These data blocks are then transferred to the snapshot copy 16. As will become apparent in the 
description that follows, snapshot map 52 of Figure 3 identifies those data blocks that have 
changed since a static snapshot was preserved at a particular instant in time. Thus, snapshot 
map 52 can be used as a backup map when a new snapshot is taken. Copying snapshot map 52 
into a backup map 48 fulfills the desired function of identifying those data locations that have 
had new data stored therein between the time the last snapshot was taken and the current time. 
Obviously, it may not be necessary to copy the snapshot map to the backup map. The snapshot 
map may simply be used as the backup map and a new map taken as the current snapshot map. 

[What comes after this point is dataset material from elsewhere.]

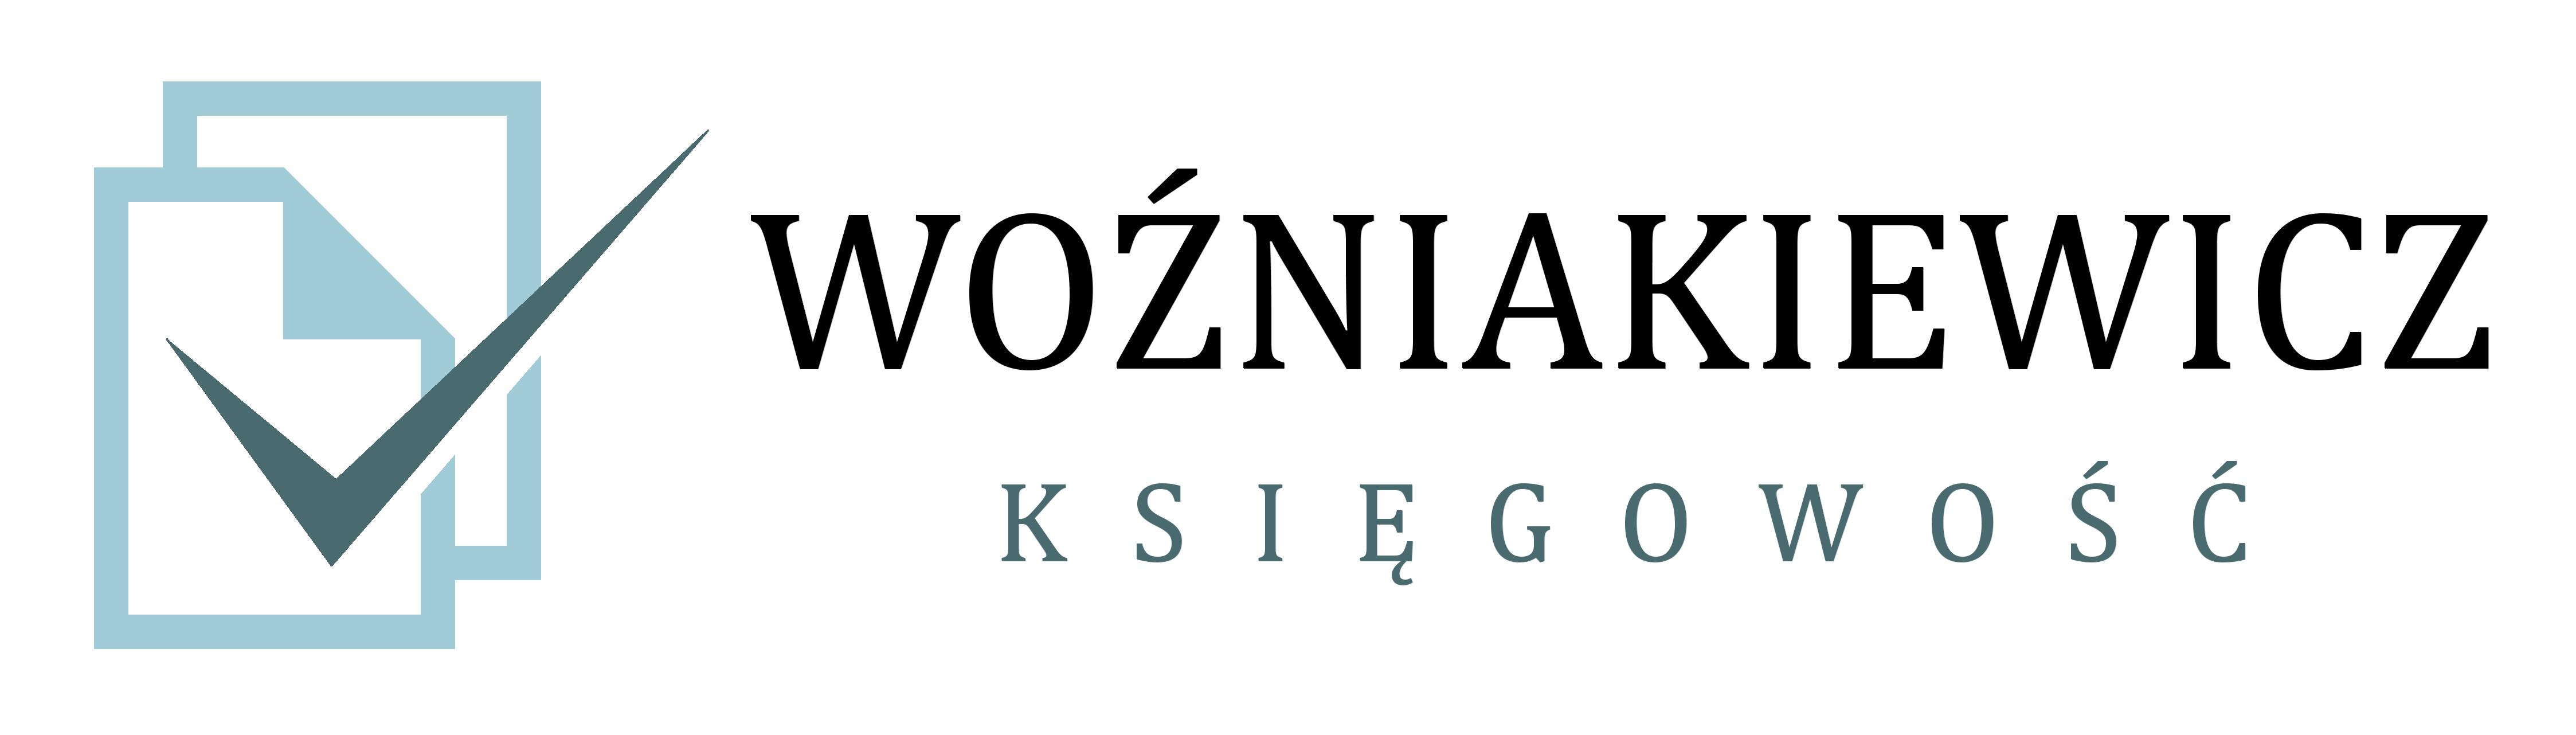 Blog Biuro Rachunkowe Woźniakiewicz Księgowość Bełchatów

[0062] After the snapshot map has been preserved so that it can be used as the backup 
map, the next step is to clear the current snapshot map. This step is indicated in Figure 4 by 
step 72. The snapshot map is used to store an indication of those data blocks that have had new 
data stored therein since the snapshot was taken without regard for whether the changed data 
blocks are desired data block or undesired data blocks for backup. Thus, the snapshot map 
indicates which data blocks are stored in a snapshot storage, such as snapshot storage 22 of 
Figure 4. Since a new snapshot is to be taken, the snapshot map must be cleared. 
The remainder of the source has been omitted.